63°
UMass Boston's independent, student-run newspaper

The Mass Media

The Mass Media

The Mass Media

300

300
King Leonidas (Gerard Butler) leads his Spartans into battle
300

Frank Miller’s 300, for those that don’t know, is the big screen adaptation of the graphic novel of the same name. Miller’s Sin City series of graphic novels were a hit with fans and critics alike when Robert Rodriguez adapted them into movie form in 2005, leaving big shoes for writer/director Zach Snyder (Dawn of the Dead) to fill, and he doesn’t disappoint. 300 tells the story of a group of Spartans led by King Leonidas (Gerard Butler) who face overwhelming odds to defend Greece from the invading forces of Persian King Xerxes (Rodrigo Santoro). Leonadis’ 300 Spartans are all that stand between the marauding Persian war-machine and the destruction of Greece and all of western civilization.

To describe the film’s 300 Spartans as only half naked would be generous; apparently the battle dress of ancient Greece consisted of nothing more than a Speedo and a big red cape. The women of Sparta are only slightly more clothed. There is really only one female character of any consequence in the film, which is otherwise dominated by men that feel really good about their bodies.

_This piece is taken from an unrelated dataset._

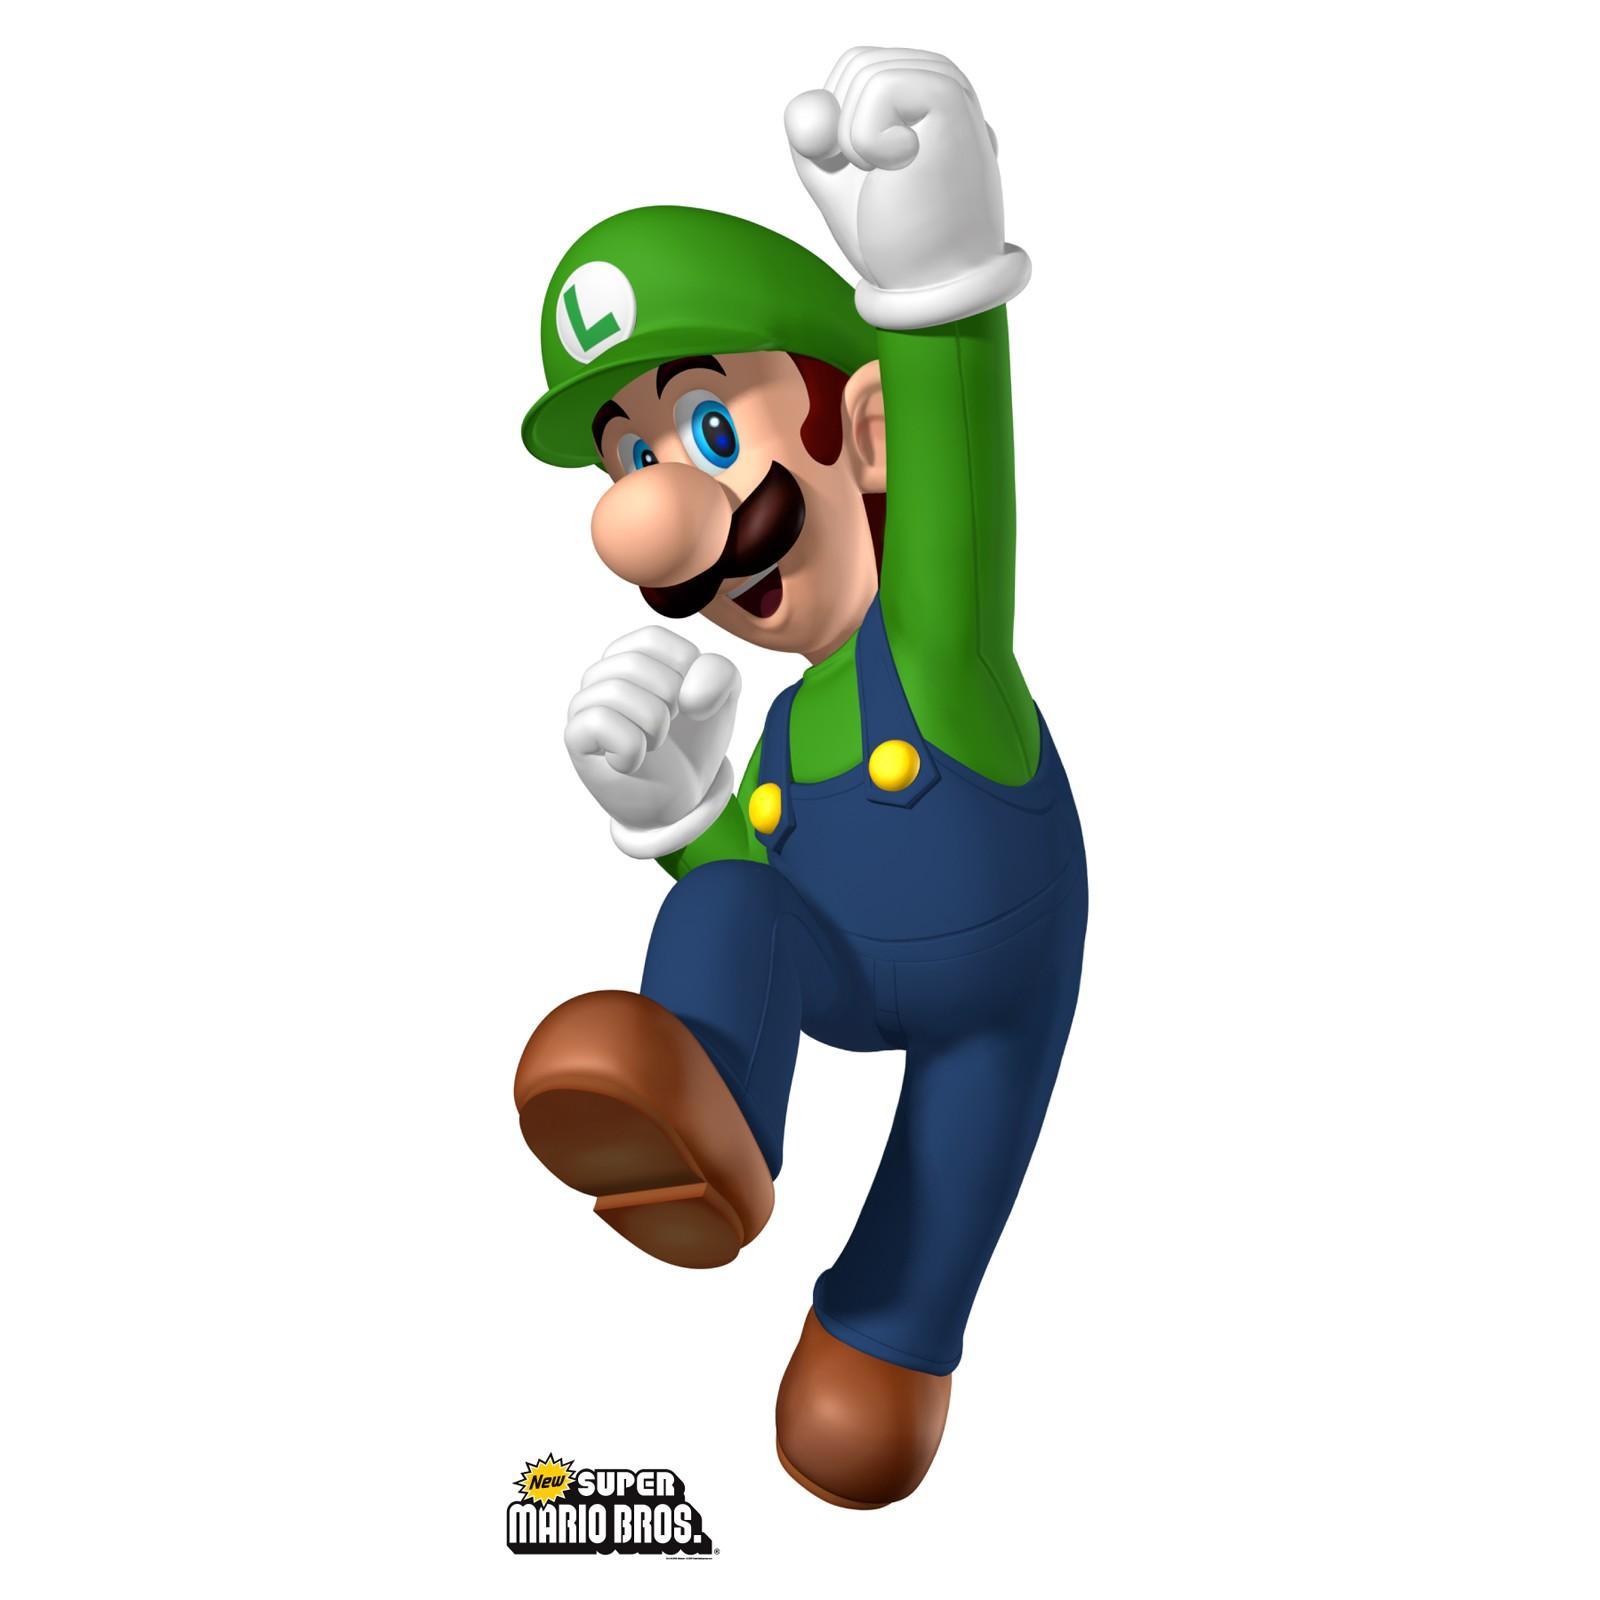 Super Mario Bros: Free Printable Poster. - Oh My Fiesta ...

300 is a highly stylized, bloody, heart-pumping, and testosterone-drenched retelling of the ancient battle of Thermopylae. The action of the film really kicks off when a Persian emissary talks smack about the Queen of Spartan and Leonidas quickly treats him and his associates to a one-way trip down a bottomless well. From there the Spartans move out to meet the Persians on the field of battle and the entire second act is nearly non-stop action, with only a few brief interludes where the focus is shifted back to the politics of Sparta. There, Queen Gorgo tries to bump and grind her way into the good graces of a corrupt councilman who opposes a troop surge to assist in the battle with Persia. Meanwhile back at the “Hot Gates” Leonidas breaks from turning Persians into human kabobs to growl and snarl at Xerxes’ request that he kneel before the masochistic body and facial-piercing-riddled God-King of Persia.

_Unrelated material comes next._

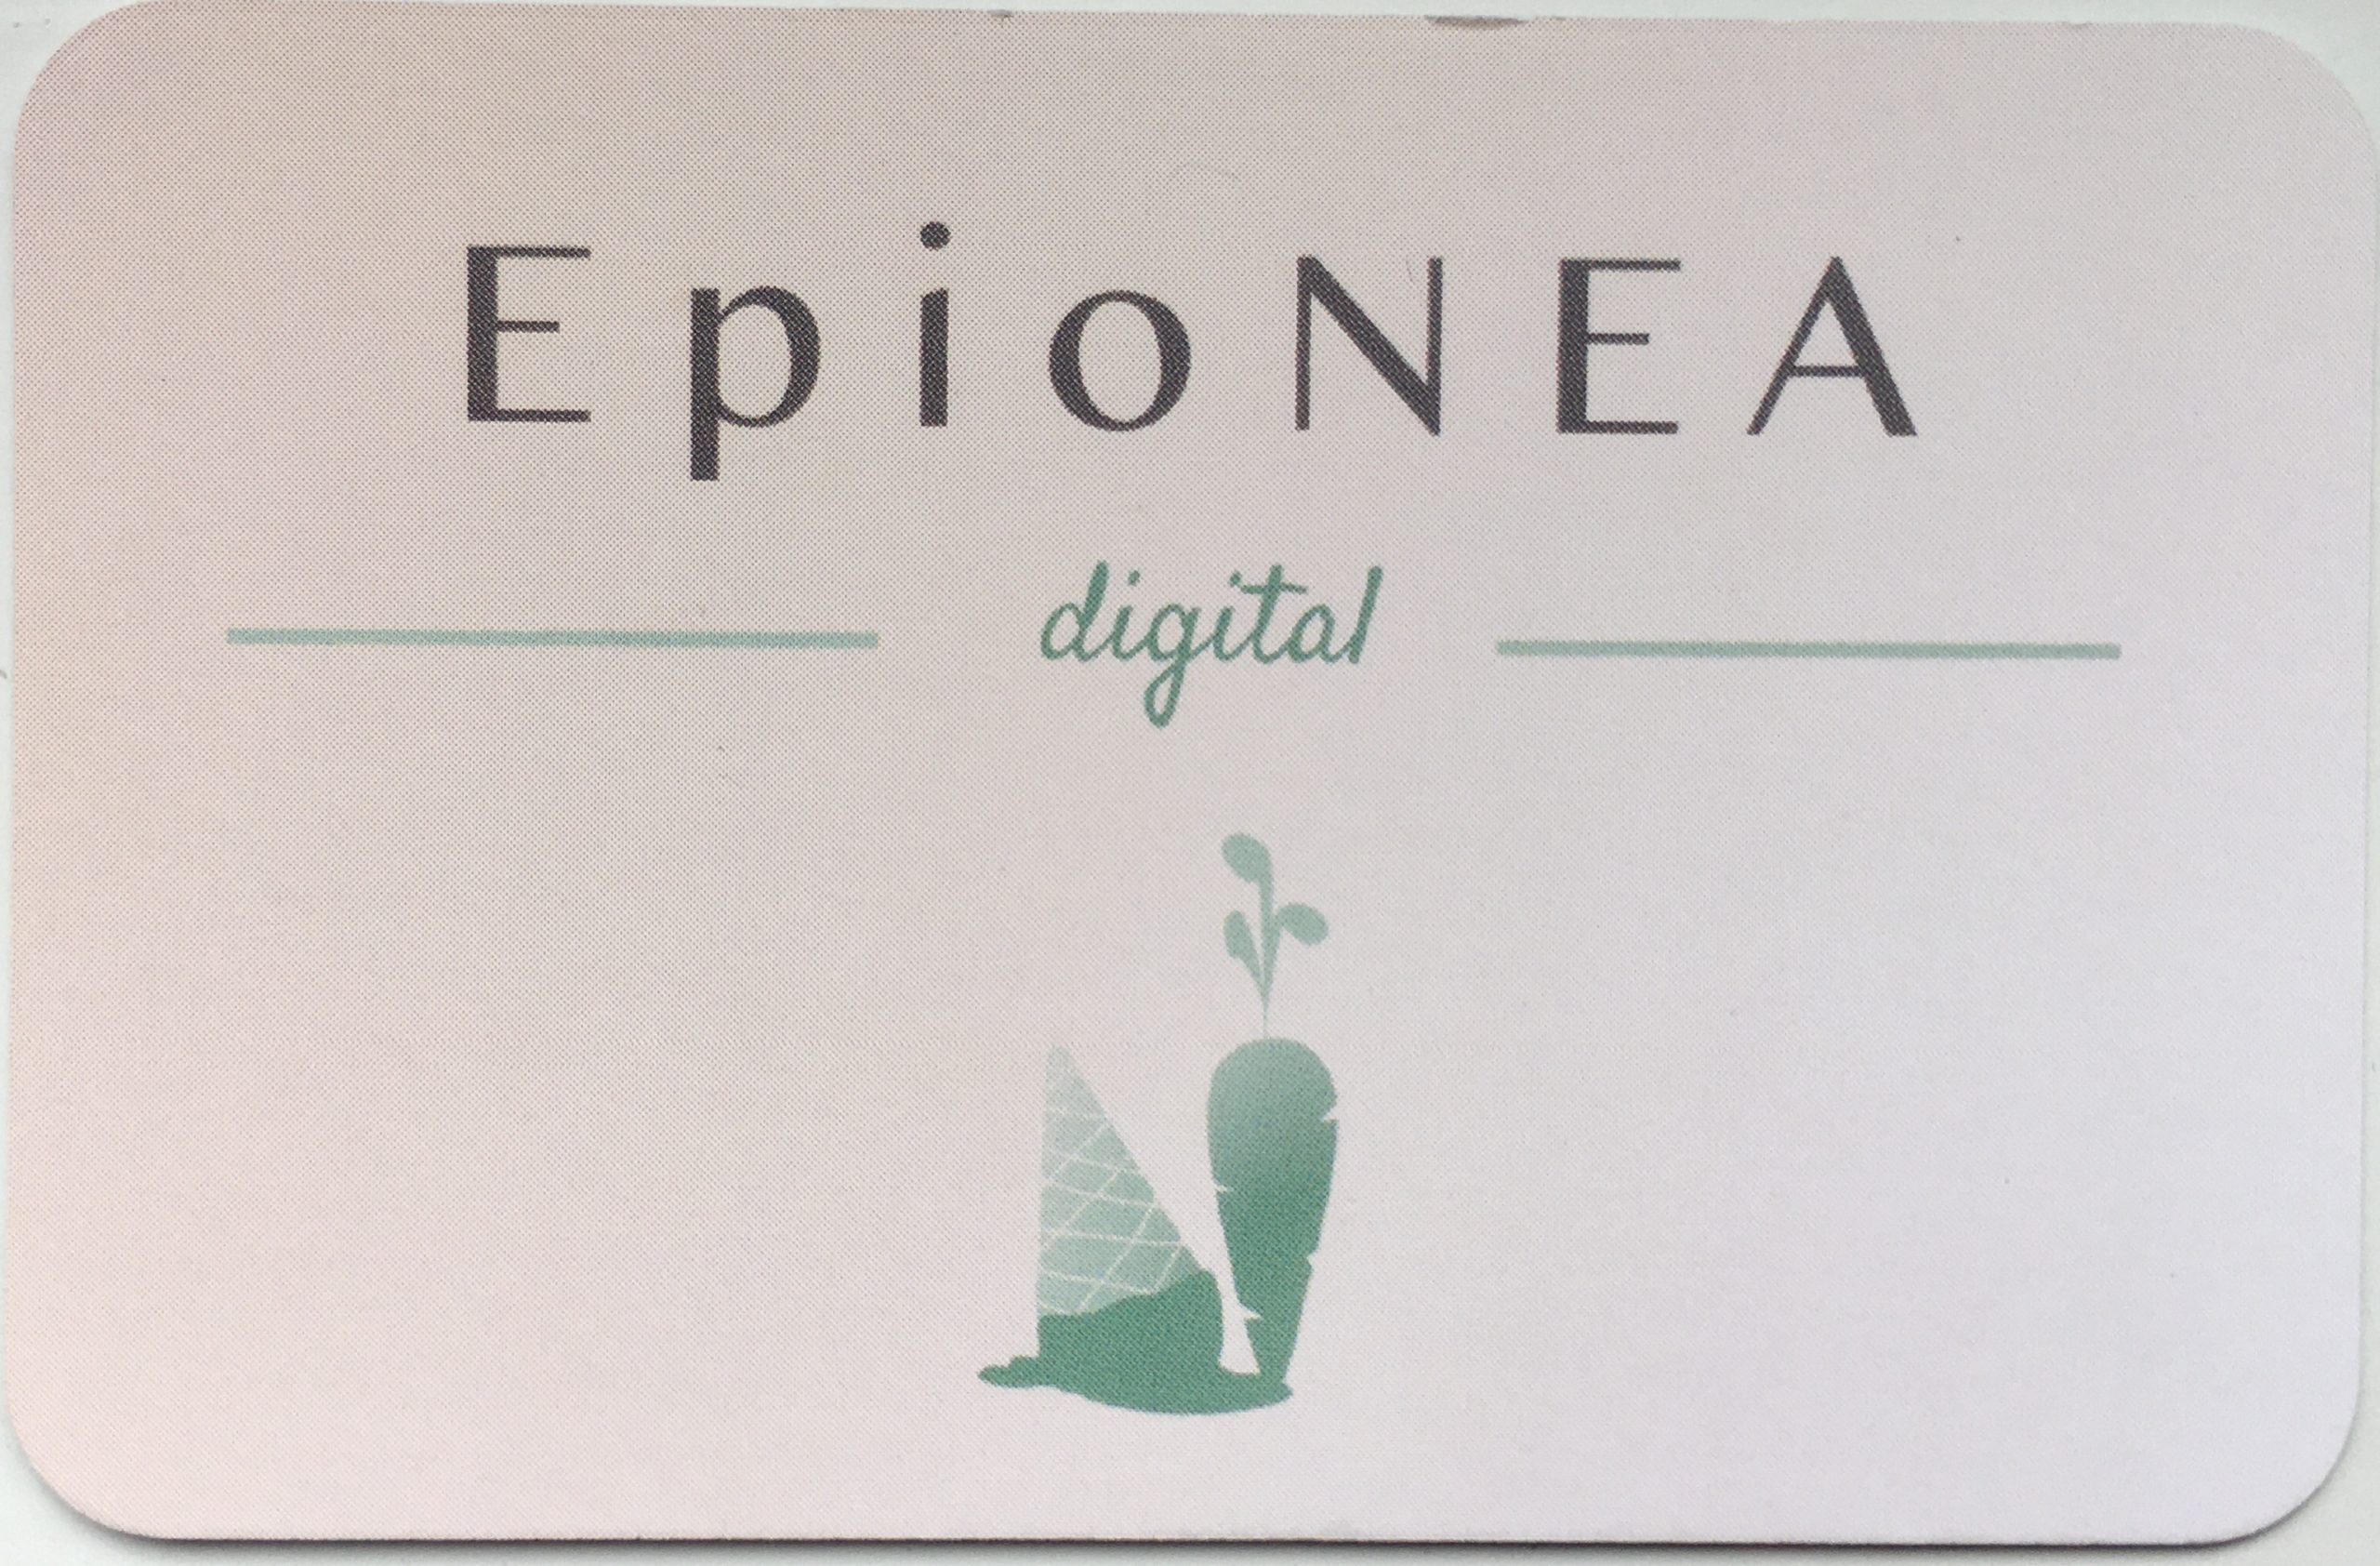 carte de visite Epionea 2

The action scenes themselves are impeccably cut, alternating between slow motion and hyper-speed, as the 300 Spartans plow their way through wave after wave of faceless Persian spear fodder. That’s when the Persians bring out their WMDs, sending giant badass armor plated rhinos and enormous elephants that would put those pansies from When Animals Attack to shame. The effects of the film are jaw-dropping; the gorgeous computer generated environments are rendered with such detail and care that you might actually take your eyes away from all the dismemberment going on for a moment to enjoy the corpse-strewn landscape.

300 is also graced with a subtle sense of humor toward its over-the-top action such as Leonidas gnashing on an apple and proclaiming “there’s no reason we can’t be civilized” as his Spartans drive their spears through the heads and chest cavities of half-dead Persian warriors.

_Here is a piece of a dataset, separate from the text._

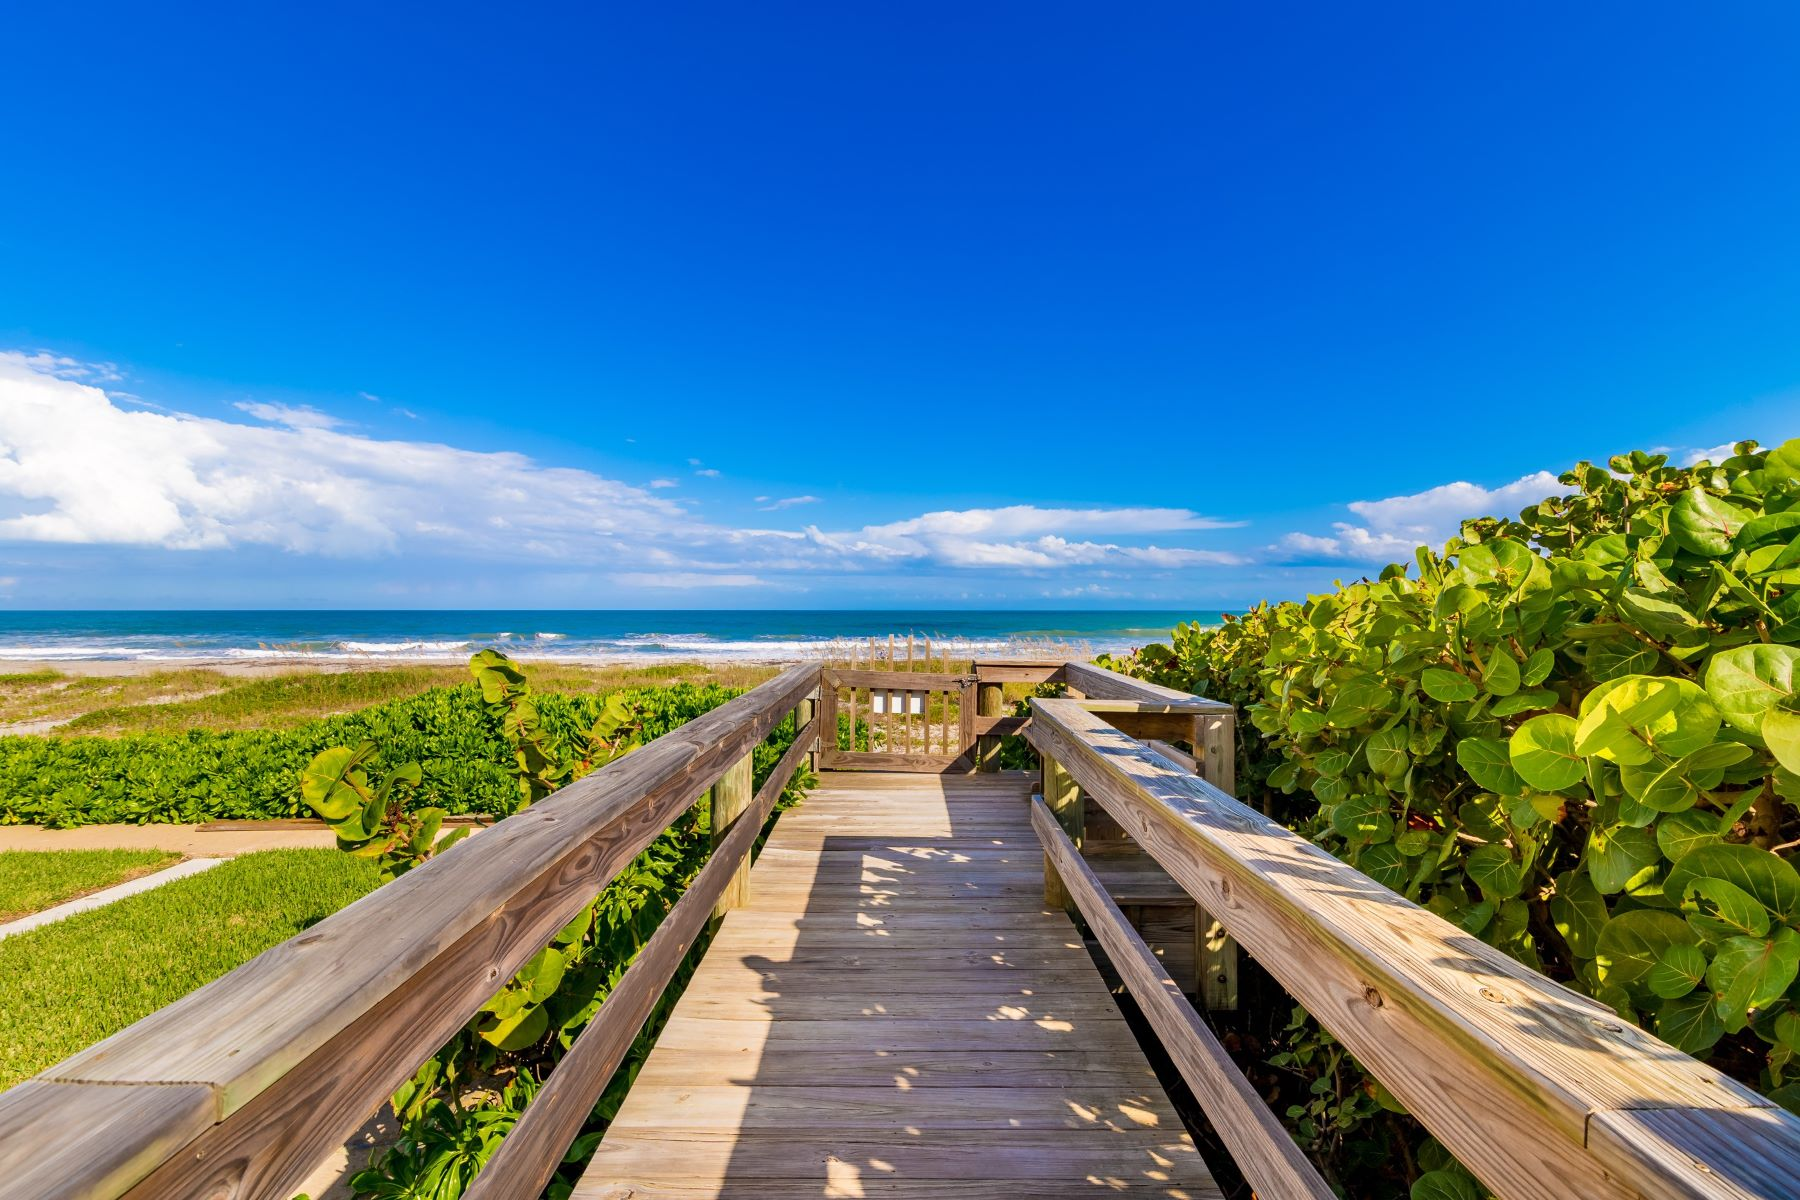 Condominiums для того Продажа на Impressive Oceanfront Condo 3031 S Atlantic Avenue 103 Cocoa Beach, Флорида 32931 Соединенные Штаты

The final act of the film attempts to establish some type of characterization; there’s betrayal, sacrifice, loss, love, revenge and a hunchback with a harem. These scenes, however, seem to only be there to allow the audience to collectively catch their breath in anticipation of the final glorious stand in the face of overwhelming odds. 300 pulls no punches and definitely earns its R rating, it’s Sin City B.C. with more blunt force trauma. It’s time for all the guys who were dragged by their girlfriends to see Music and Lyrics to get a little payback. I’d give 300 three and a half bloody, mutilated torsos out of five.